**Problem description:**
Omit all pictures. Quote the lines from the one with "Three European Union" through the end of the listing below, exactly as they appear.

**Supplied material:**
[Start of section]

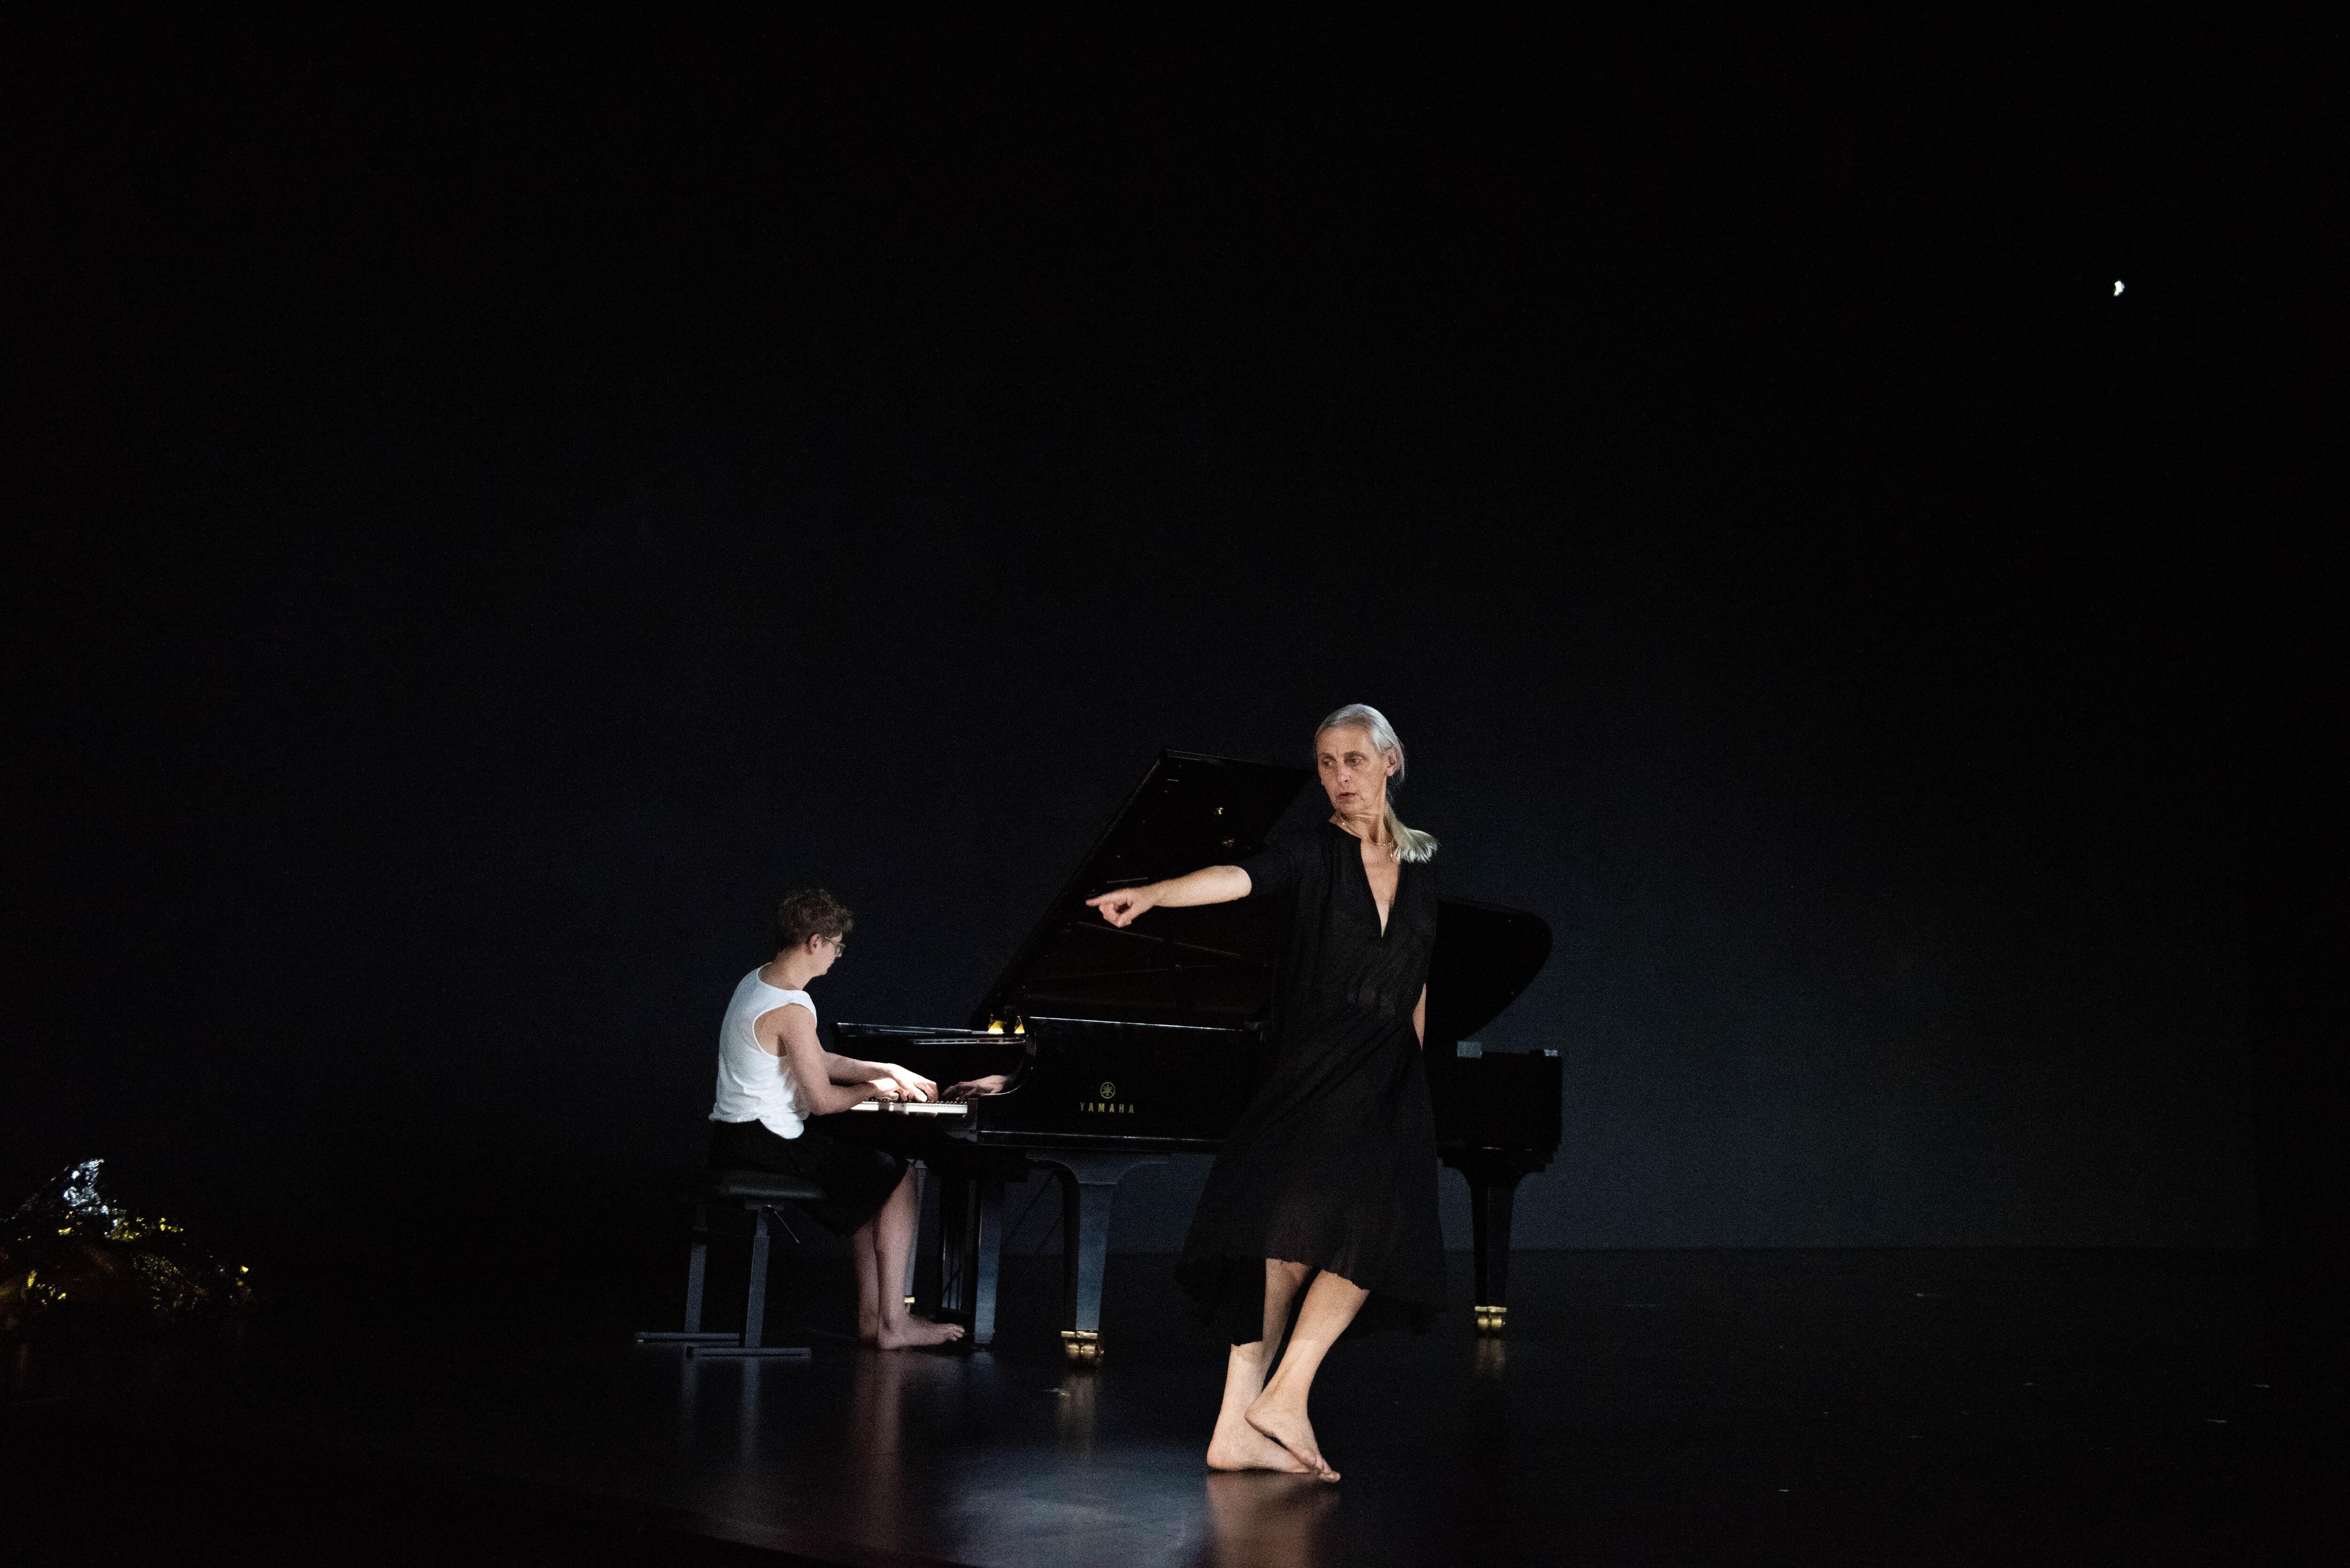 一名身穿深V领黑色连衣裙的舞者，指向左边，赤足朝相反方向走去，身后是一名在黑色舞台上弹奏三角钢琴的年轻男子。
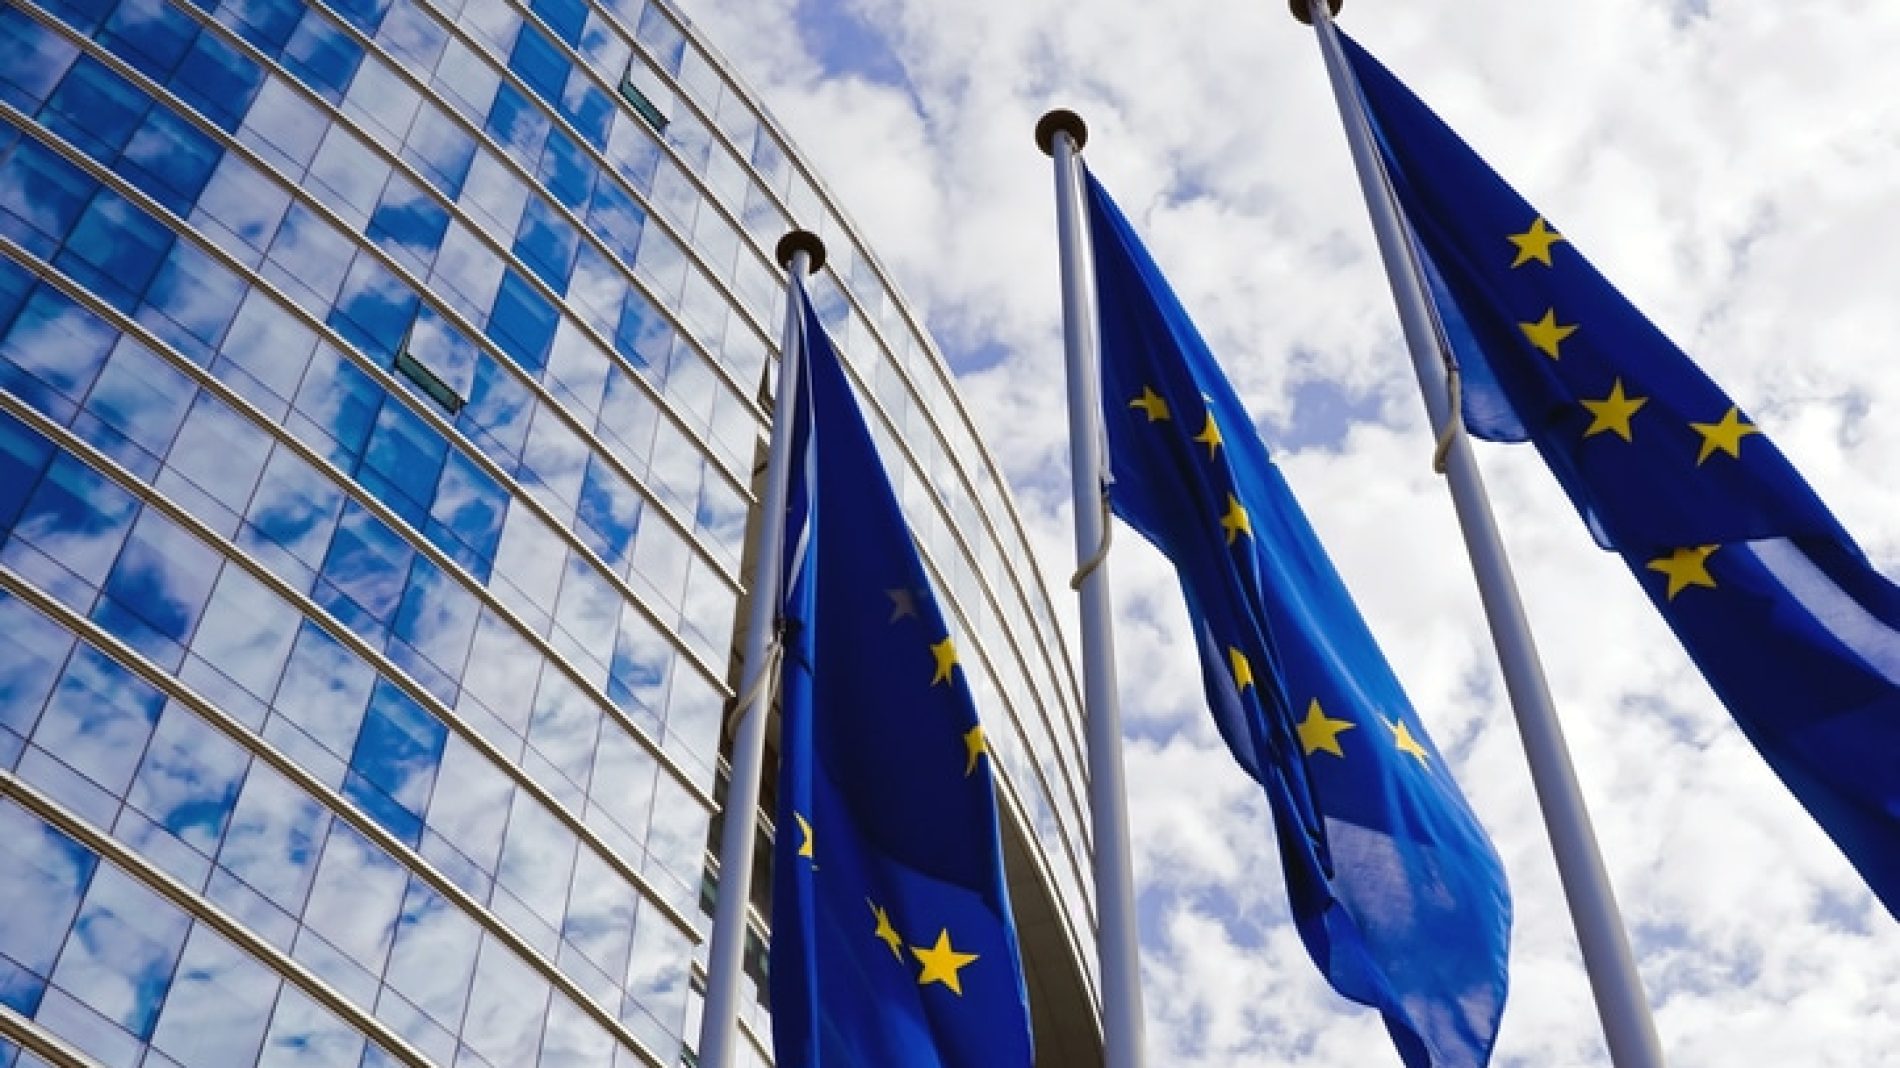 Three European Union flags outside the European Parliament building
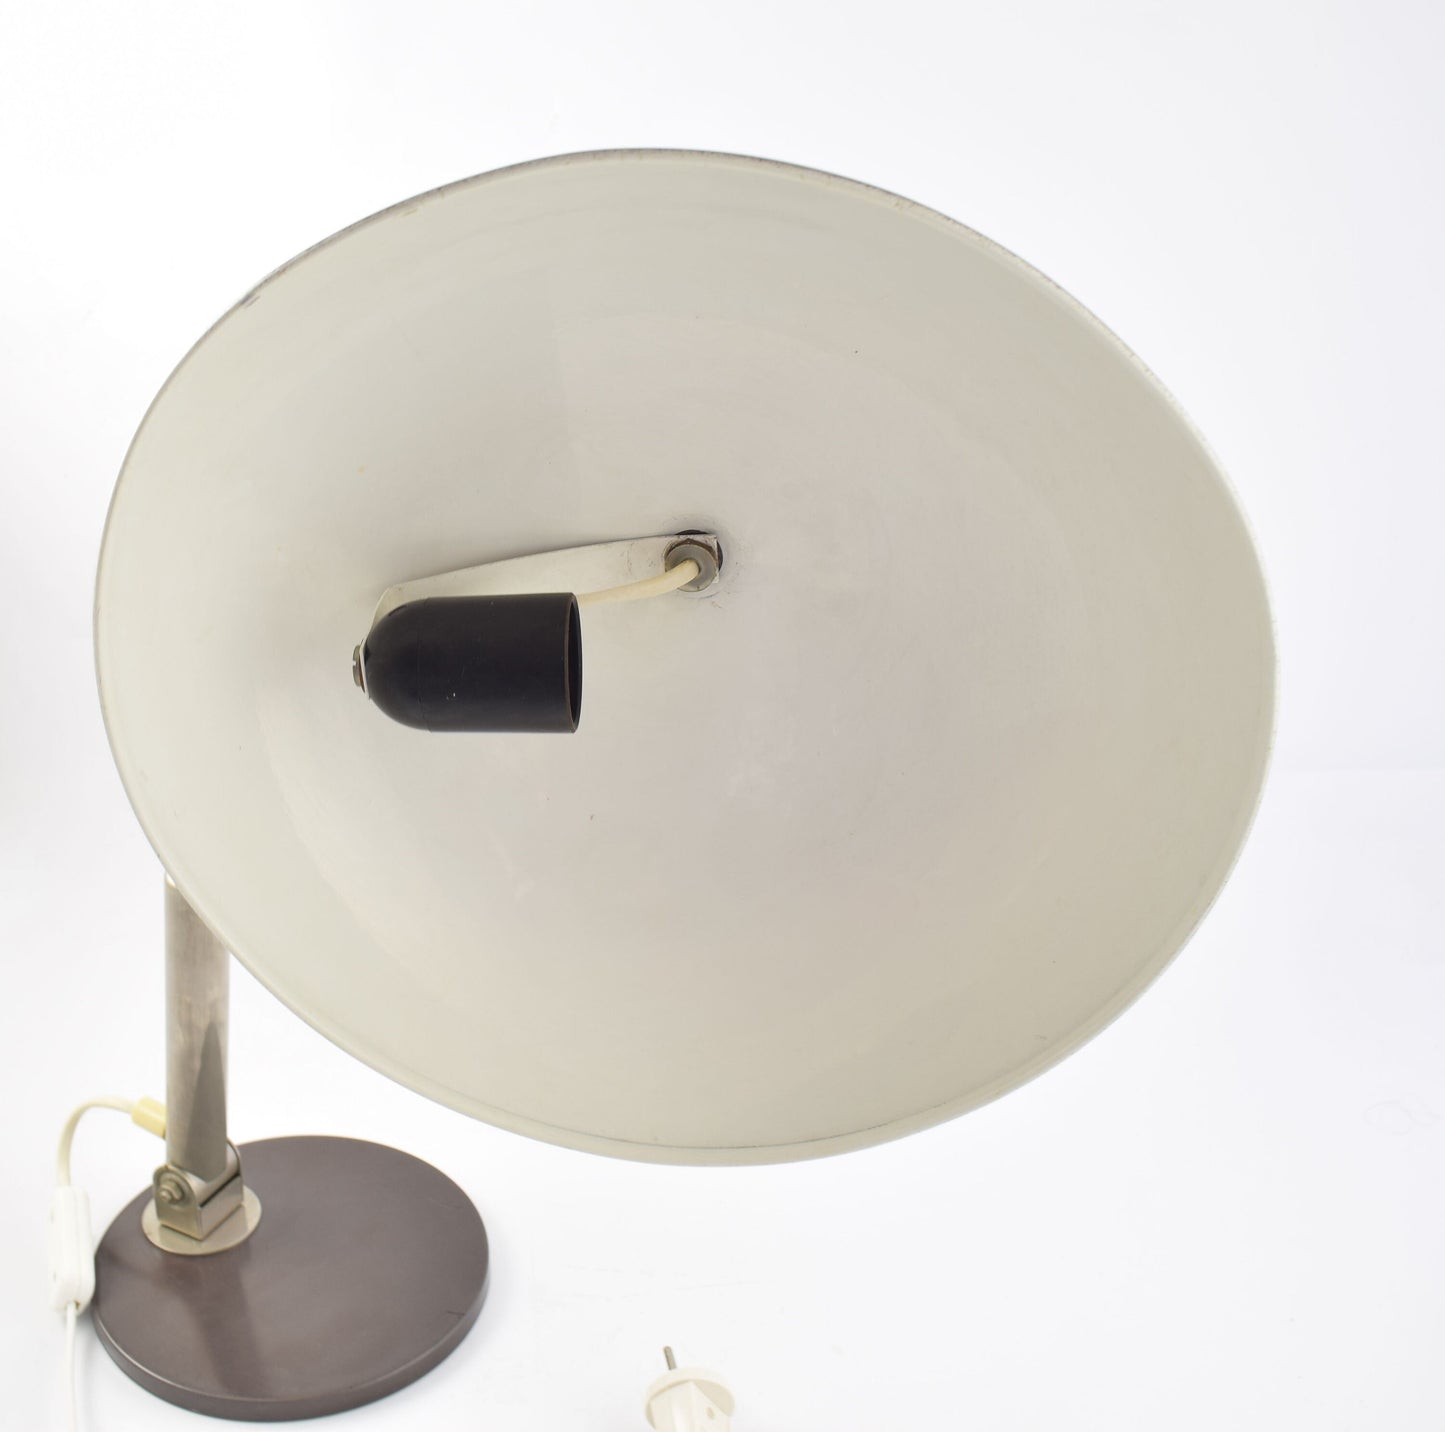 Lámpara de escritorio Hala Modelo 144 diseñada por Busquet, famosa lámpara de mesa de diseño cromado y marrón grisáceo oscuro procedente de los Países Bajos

[End of section]

**Solution:**
 Three European Union flags outside the European Parliament building
 Lámpara de escritorio Hala Modelo 144 diseñada por Busquet, famosa lámpara de mesa de diseño cromado y marrón grisáceo oscuro procedente de los Países Bajos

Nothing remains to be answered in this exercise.